(RECORDED INFORMATION Opens)
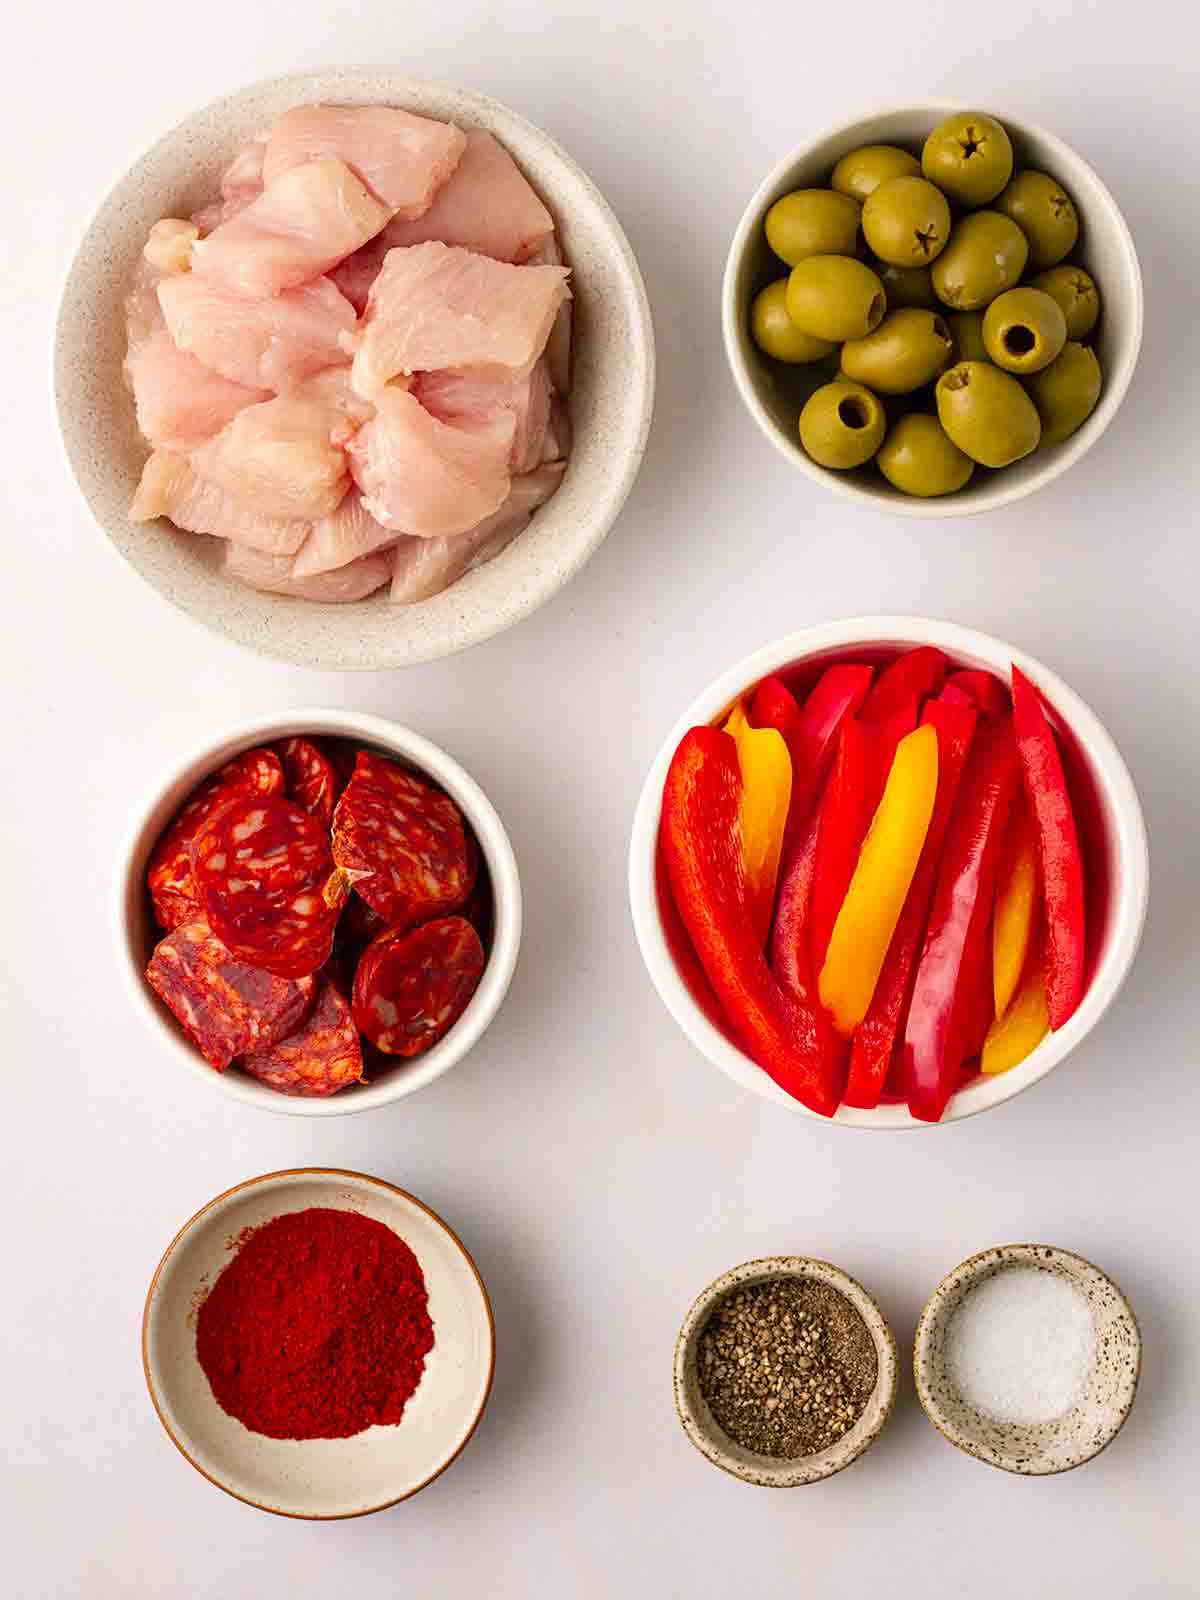 The ingredients for air fryer Spanish chicken chopped and put into bowls on a white counter.
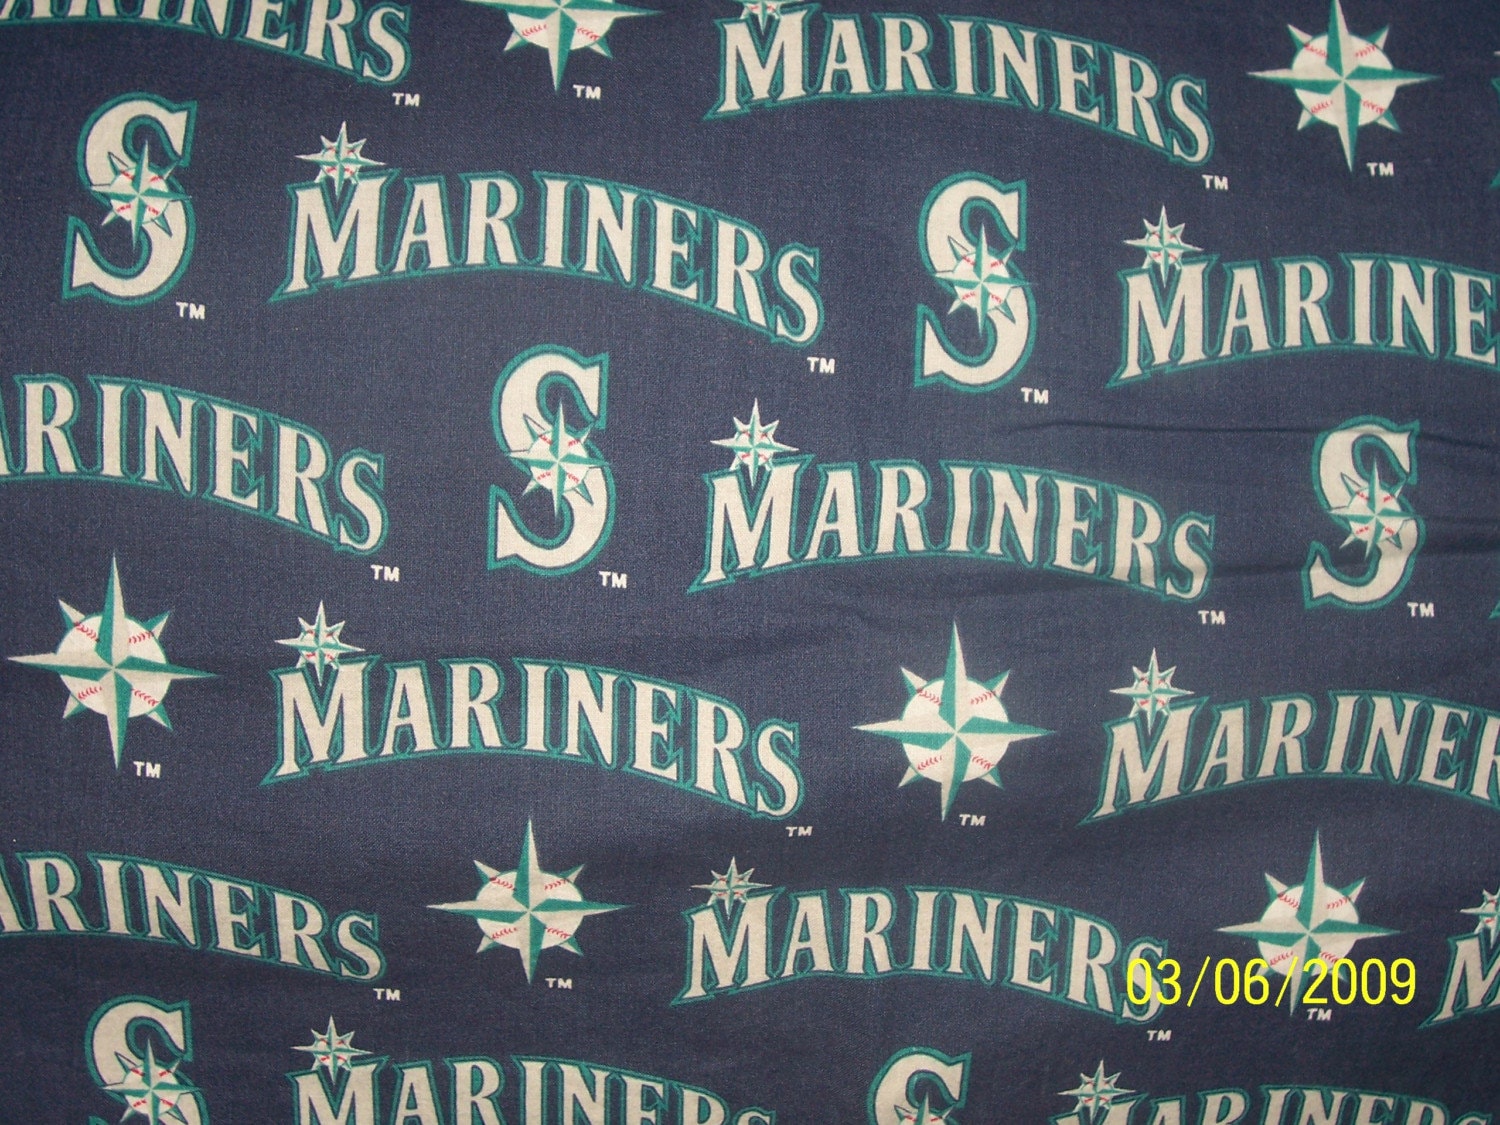 Seattle MARINERS cotton fabric by DeZignsbyJules on Etsy
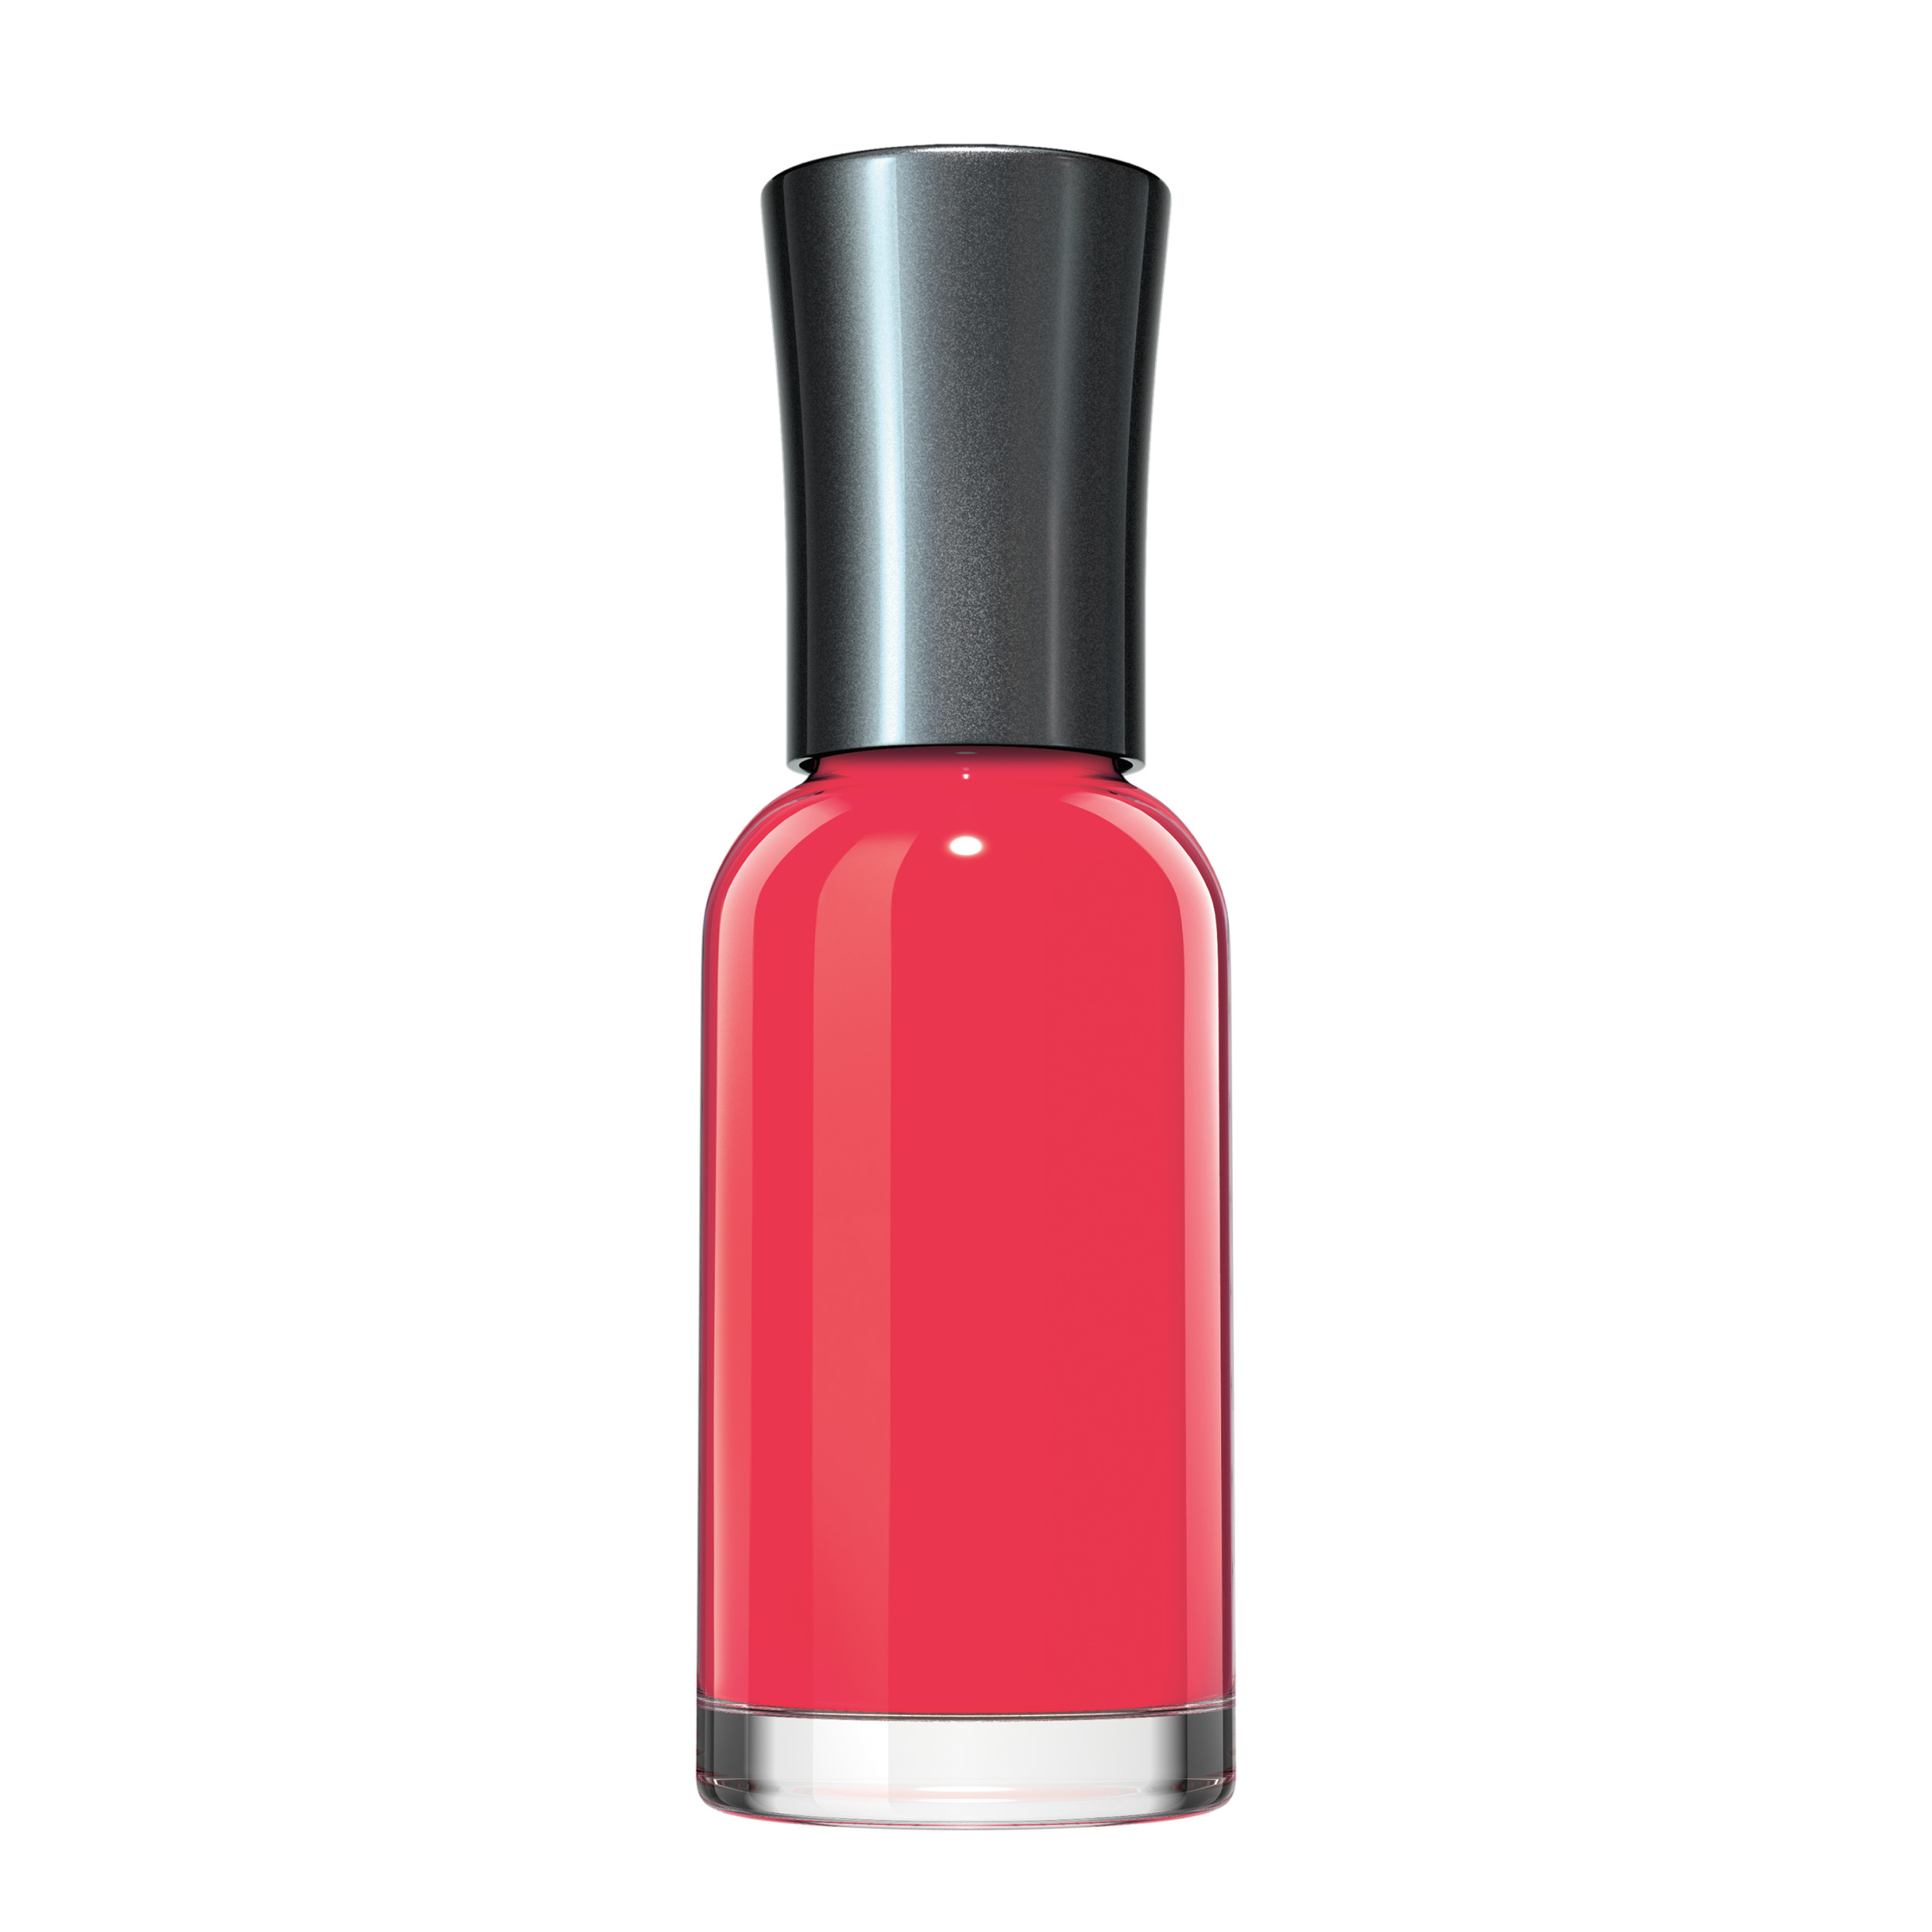 Sally Hansen Xtreme Wear Nail Color, Rebel Red, 0.4 oz, Color Nail Polish, Nail Polish, Quick Dry Nail Polish, Nail Polish Colors, Chip Resistant, Bold Color - image 9 of 14
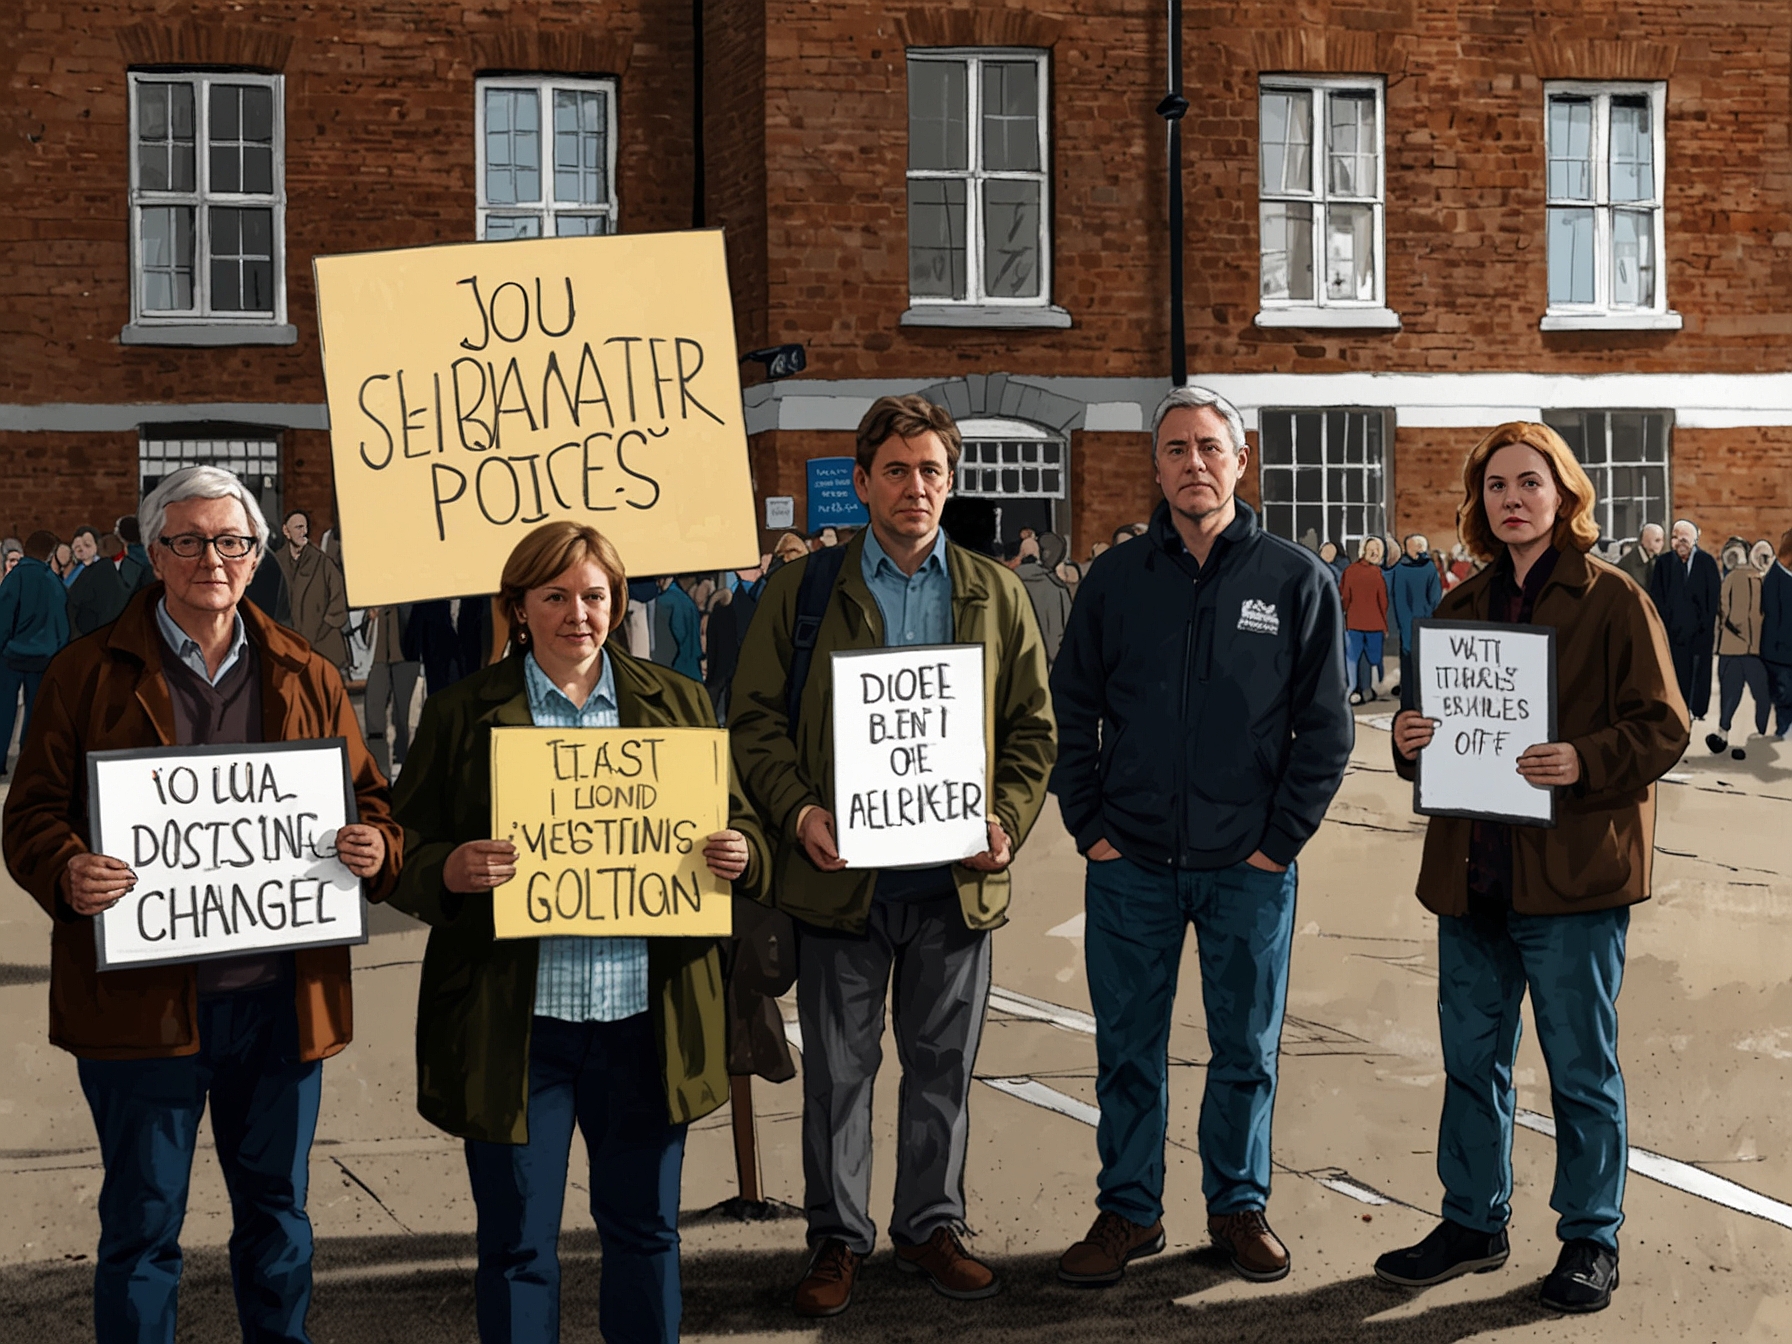 A group of UK voters discusses climate change, holding placards that demand stronger environmental policies, reflecting the public's growing concern ahead of the upcoming General Election.
(RECORDED INFORMATION Closes)
# PROBLEM TO SOLVE:
In the copy you write, the data above must appear exactly, with no pictures.

# REPLY:
 The ingredients for air fryer Spanish chicken chopped and put into bowls on a white counter.
 Seattle MARINERS cotton fabric by DeZignsbyJules on Etsy
 Sally Hansen Xtreme Wear Nail Color, Rebel Red, 0.4 oz, Color Nail Polish, Nail Polish, Quick Dry Nail Polish, Nail Polish Colors, Chip Resistant, Bold Color - image 9 of 14
 A group of UK voters discusses climate change, holding placards that demand stronger environmental policies, reflecting the public's growing concern ahead of the upcoming General Election.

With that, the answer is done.